Ok, before some of these comments become "urban legend", lets consider a couple things.
Yes, the wild bees were for all practical sense, wiped out when mites came along. Was every single colony killed....no. But most if not all in some areas died. I participated in several studies looking at ferals, and when you can survey 8 miles stretches, and not have one honey bees found, in areas that once was noted in records as being great swarm tree havens, then you can assume that many colonies have died.

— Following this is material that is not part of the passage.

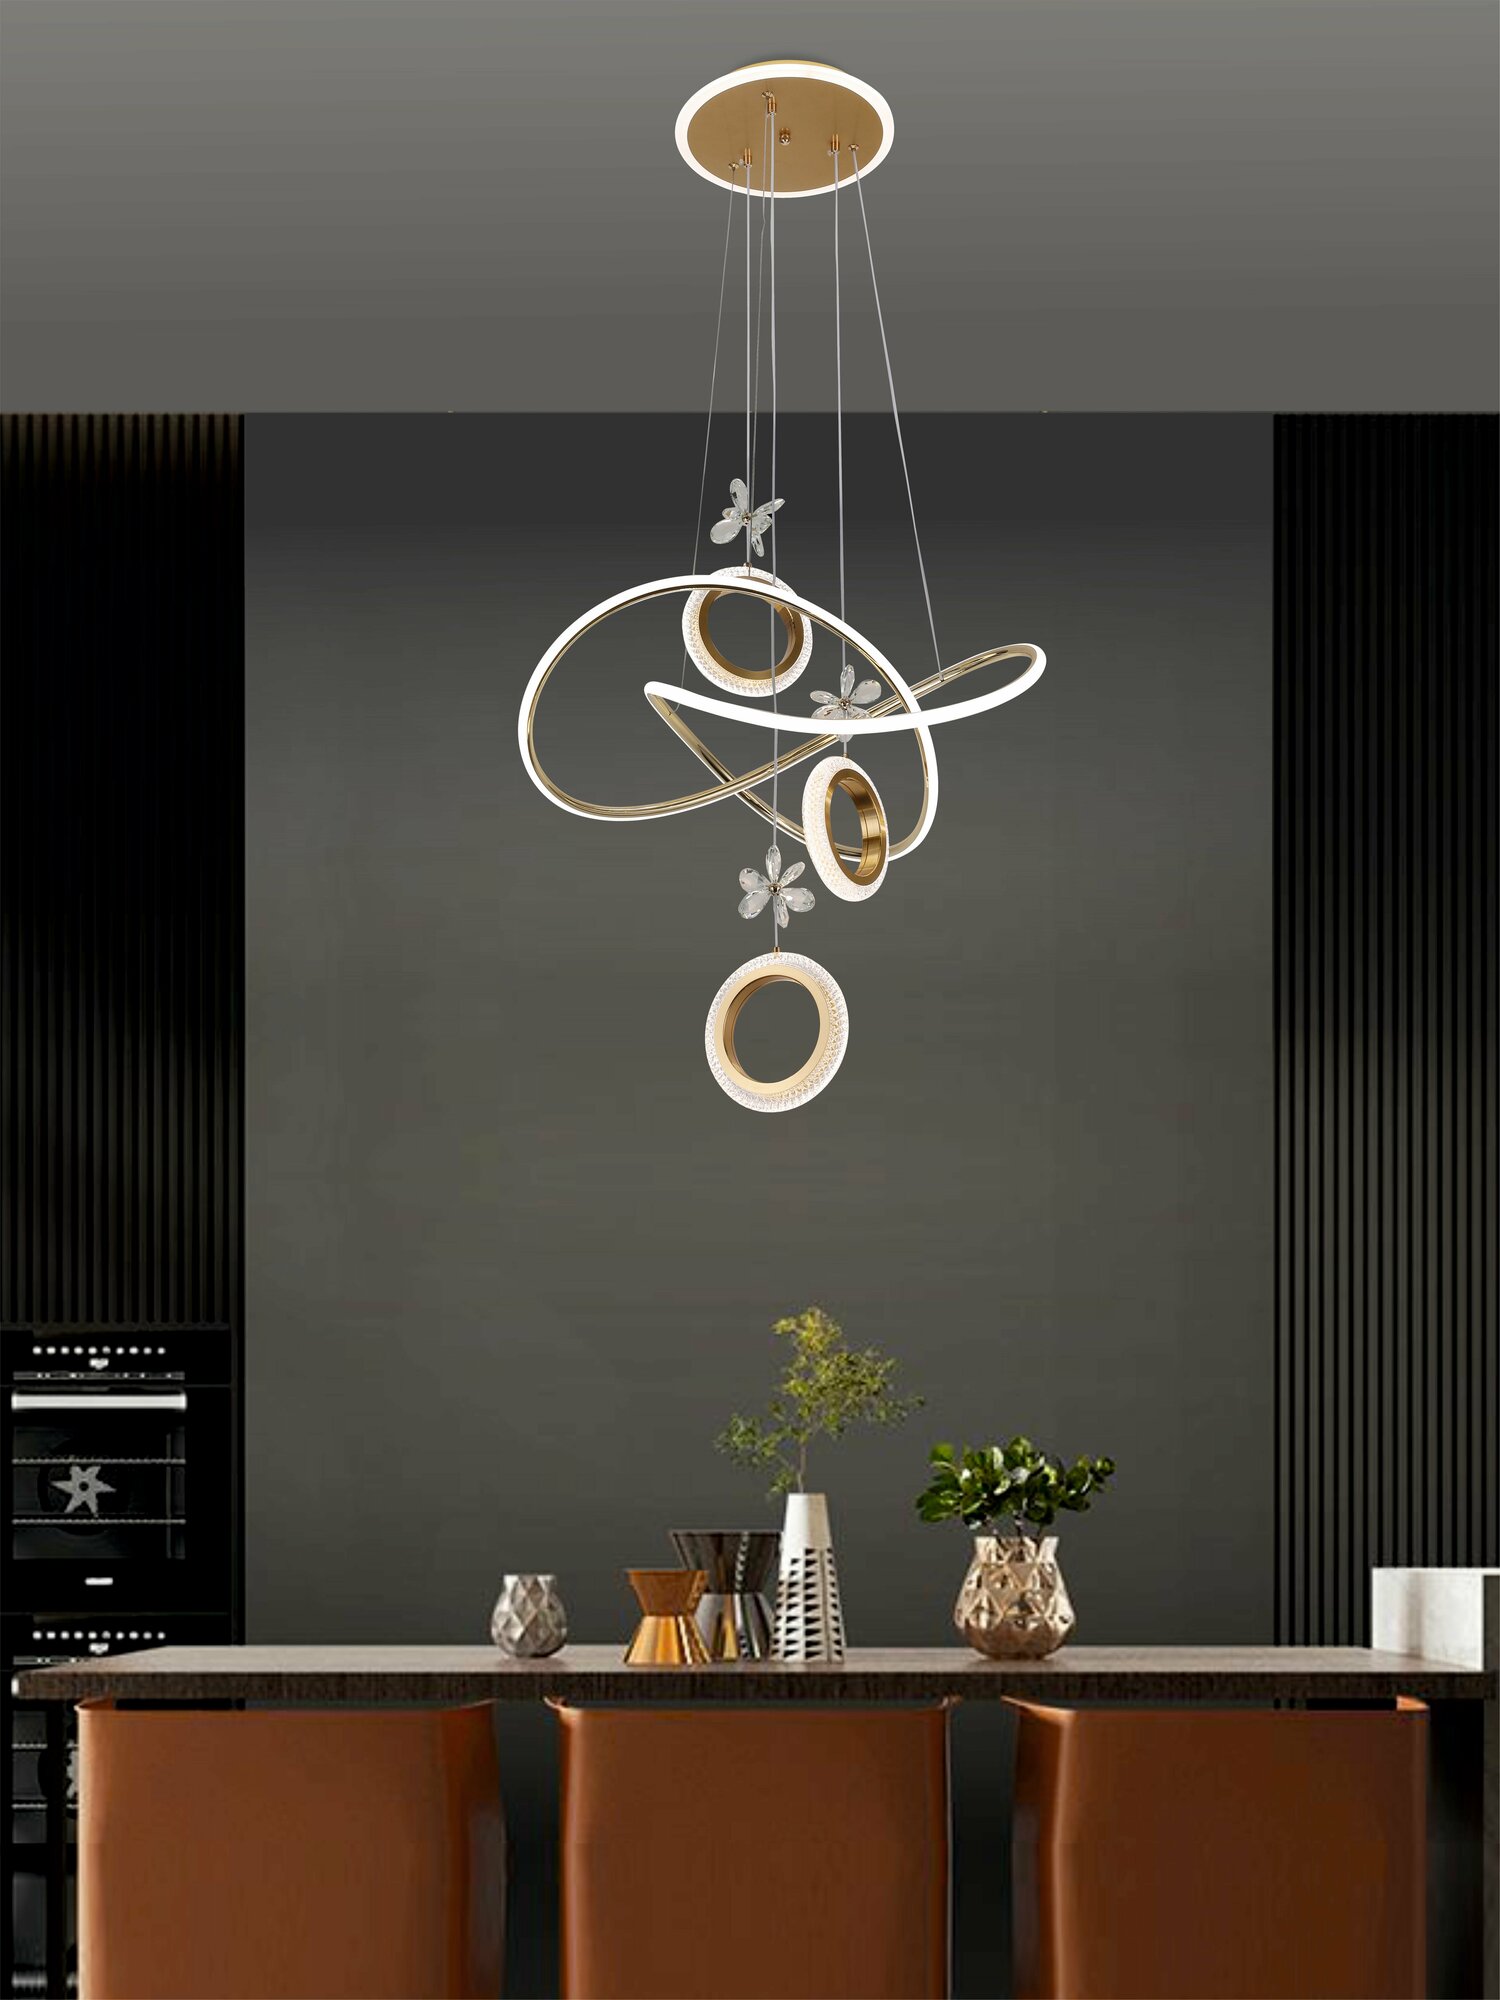 Светодиодная люстра подвесная VertexHome стиль модерн, на кухню, в детскую, в спальню, в гостиную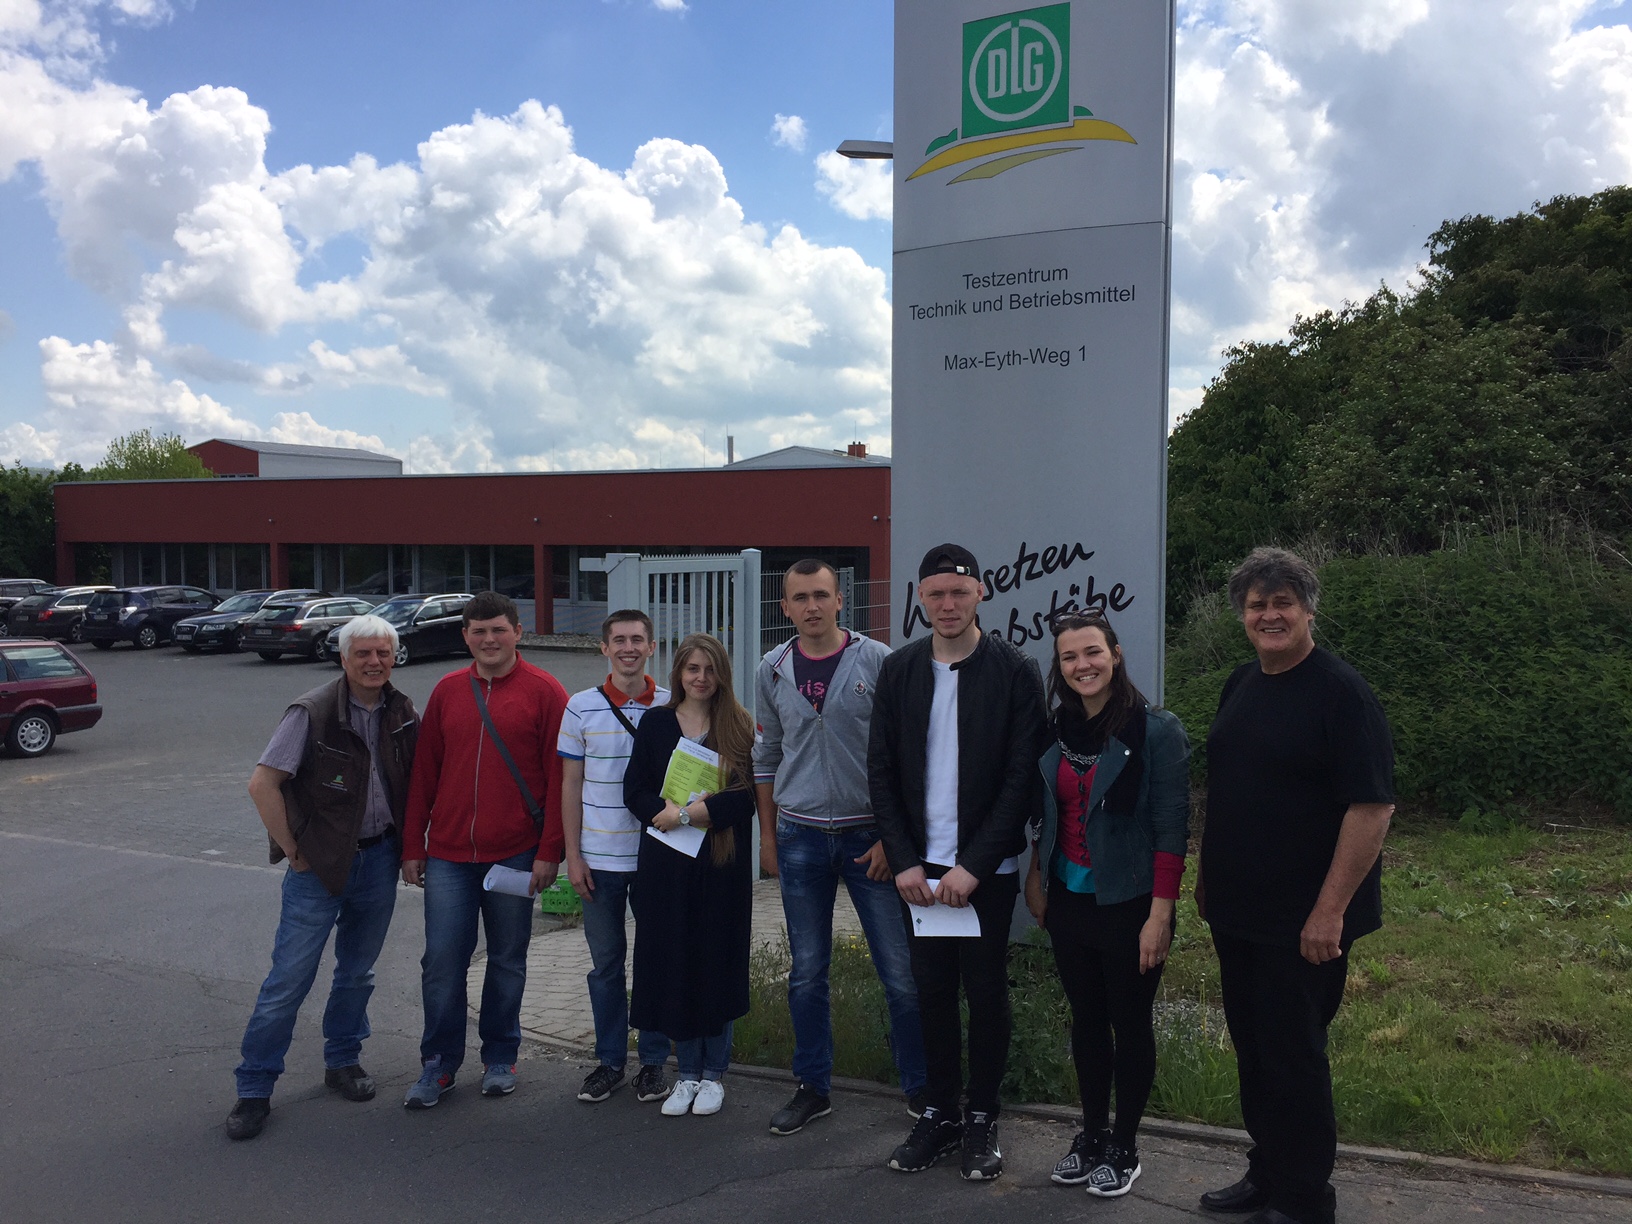 Ukrainische Studenten zu Besuch im DLG Testzentrum

That was twenty years ago. Commonsense dictates that some colonies have been replaced, and continue to be replaced, by beekeepers via swarming. Just as in New York, beekeepers really don't know how many swarms are created and most are not seen. So twenty years later, and by the shear number of beekeepers out there, feral colonies can be found almost everywhere. Here in Pennsylvania, if you drew a 10 mile circle around every known apiary, and accounted for the many more not even registered, you would not have many areas not influenced by managed colonies, or repopulated by them.
I've heard for twenty years now many beekeepers finding a black bee, and then claiming they were German black bees, survivors somehow untouched by humans for decades. Yet someone tell me one breeder or beekeeper that has had his bees tested and verified as German black bees.
I've been raising and selling carni lines for years that are all black. So has many others. I should just rename them as German black bees, and charge more, since many think that is what they are. They are not.
As deknow stated, this time of the year, black bees are common at feeding stations. They are old bees, robbers many times that have nothing to lose. They lost their hair fighting at entrances and testing guard bees of other colonies. They are many times "shiny". AMM and other strains are not half black on the tip, and shiny. They are all black.